De las cenizas del Holocausto al refugio de Ecuador
Ecuador, un país lejano, desconocido y ajeno, se convirtió en refugio para unos 3.000 judíos que escaparon de las garras del nazismo en el Viejo Continente y sentaron las bases de una comunidad que echó nuevas raíces sin olvidar su pasado.
“En Ecuador apenas hay entre 7 y 10 sobrevivientes y proceden de Hungría, Checoslovaquia y Rumanía”, explica Sol Paz, coordinadora del Centro Manuel Antonio Muñoz Borrero, especializado en el estudio sobre el Holocausto, derechos humanos y genocidios.
Fundado en 2012, lleva el nombre del cónsul general ecuatoriano en Estocolmo que durante la Segunda Guerra Mundial expidió visados a judíos europeos para que pudieran escapar del nazismo, lo que le valió el título de “Justo entre las Naciones”, máximo reconocimiento otorgado por el Museo Memorial Yad Vashem de Jerusalén a los gentiles que colaboraron en salvar vidas judías.
Ubicado en el colegio judío Alberto Einstein, en el norte de Quito, al centro acuden investigadores que abordan, “sobre todo, la migración de judíos al Ecuador y el impacto que tuvo en el país”, un fenómeno que se dio en la preguerra, durante la guerra y posteriormente, señala su coordinadora.
“Se reporta que llegaron unos 3.000 judíos del éxodo de la Segunda Guerra Mundial y consiguieron pasaportes o visas como agricultores”, expuso.
La mayoría trajo consigo otras profesiones, pero no desaprovechó la oportunidad para comenzar de cero o considerar Ecuador como plataforma para emigrar a otros países.
Su llegada reforzó en número a la marginal comunidad de origen sefardí existente y desarrolló campos como el textil, industrial o educativo, entre otros.
Muchos se radicaron en Guayaquil, pero con el tiempo Quito se convirtió en el epicentro de la vida judía del país, aunque hoy la capital alberga poco más de 250 familias judías y un centenar la otra ciudad.

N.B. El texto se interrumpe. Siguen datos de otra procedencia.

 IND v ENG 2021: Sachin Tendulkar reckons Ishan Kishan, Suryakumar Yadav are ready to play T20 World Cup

El caso de Alfredo Baier, 88 años y originario de la ciudad alemana de Papenburgo, cercana a la más conocida Bremen, que tenía nueve años cuando llegó en barco, podría resumir el de muchos judíos que arribaron al país andino como única opción de supervivencia.
Su progenitor obtuvo la visa como agrónomo gracias a que tenía experiencia como ganadero y cultivaba parcelas, aunque su principal negocio era la distribución de tabaco.

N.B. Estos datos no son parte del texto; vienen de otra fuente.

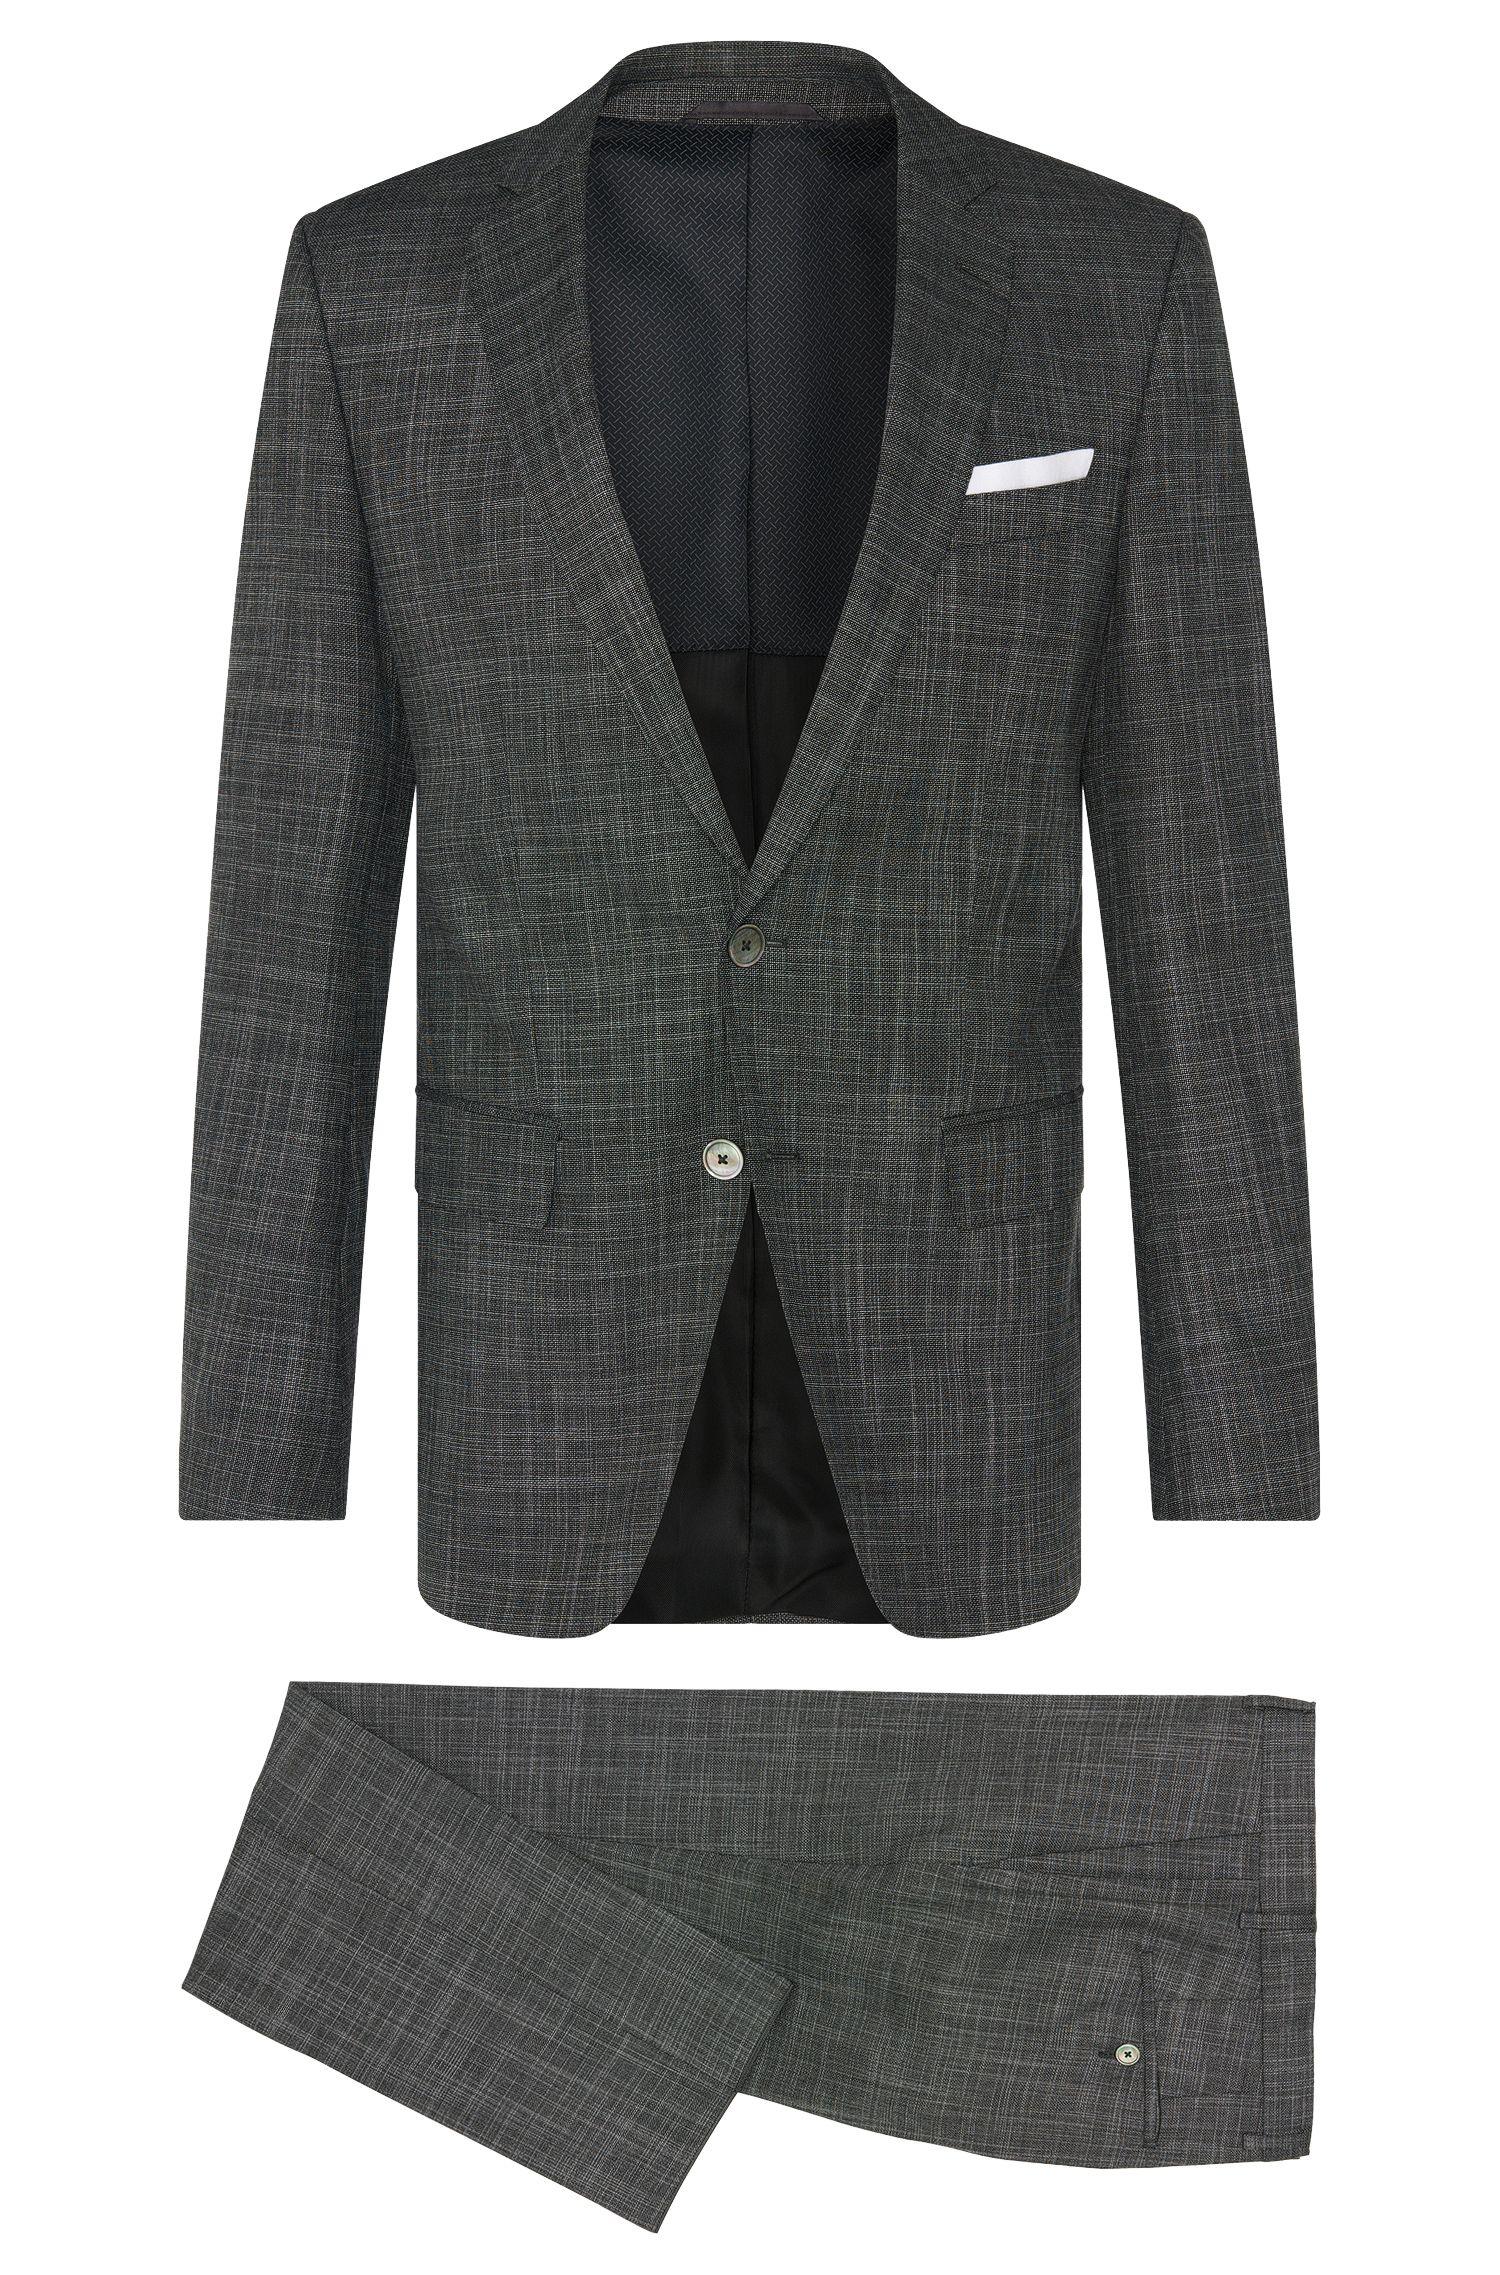 Stretch Wool Blend 3-Piece Suit, Slim Fit | Hutson/Gander WE

En una entrevista rememora cómo la “Noche de los Cristales Rotos”, una ola de asaltos y agresiones a propiedades judías en Alemania en noviembre de 1938, fue el catalizador de su huida.
“Mi padre fue detenido por los nazis y como condición para soltarle le pusieron que emigrase, y me dijo: ‘lo primero que encontremos, allá nos vamos, porque aquí no podemos seguir”, relata en un castellano que aún lastra un remoto acento germano.
Del trauma de su vida en Alemania recuerda que un amigo suyo amparado en la ideología nazi comenzó a humillarlo: “Sus padres le convencieron de que como soy judío tenía que matarme. ¡Y quiso matarme!”.
Pero ese episodio no le impidió regresar a su país natal a estudiar becado por el Gobierno alemán, del que recibe como reparación unos 700 dólares al mes por el sufrimiento causado durante el Holocausto y la pérdida de bienes.
Su mujer, Sida Samiz, de 80 años, por el contrario, no puede ni escuchar alemán: “Se me paran los pelos”, advierte.
Nacida en Chernivitsi, hoy Ucrania pero durante la contienda territorio rumano, sufrió la “Shoá” (palabra hebrea para la barbarie nazi) y las consecuencias de la guerra en propia carne.
Su familia fue traslada al gueto de Mogilev, en la frontera entre Ucrania y Moldavia, ocupado en 1941 por tropas nazis y rumanas afines al Tercer Reich.
Una tía suya falleció en ese gueto, que califica como “campo de concentración”, un período de su trayectoria del que apenas le quedan recuerdos, pues con cuatro años solo alcanza a describir la imagen de un soldado nazi, sin camisa, lavándose en una pequeña alberca.
“Gracias a dios mis padres lucharon para poder sobrevivir esos cuatro años. Después, llegamos a Ecuador porque otros países no nos daban las visas”, comenta sobre un viaje que antes les llevó a París.
Su hija Rosa menciona los consabidos tabúes familiares en hablar sobre el trauma del Holocausto, pero cita como ejemplo, que “la bodega tenía que estar siempre muy bien aprovisionada. Creo que este es un tema de la guerra”, o frases que escuchaba de su madre y abuela, como la de que “hasta la sopa de cáscara de papa se puede compartir”.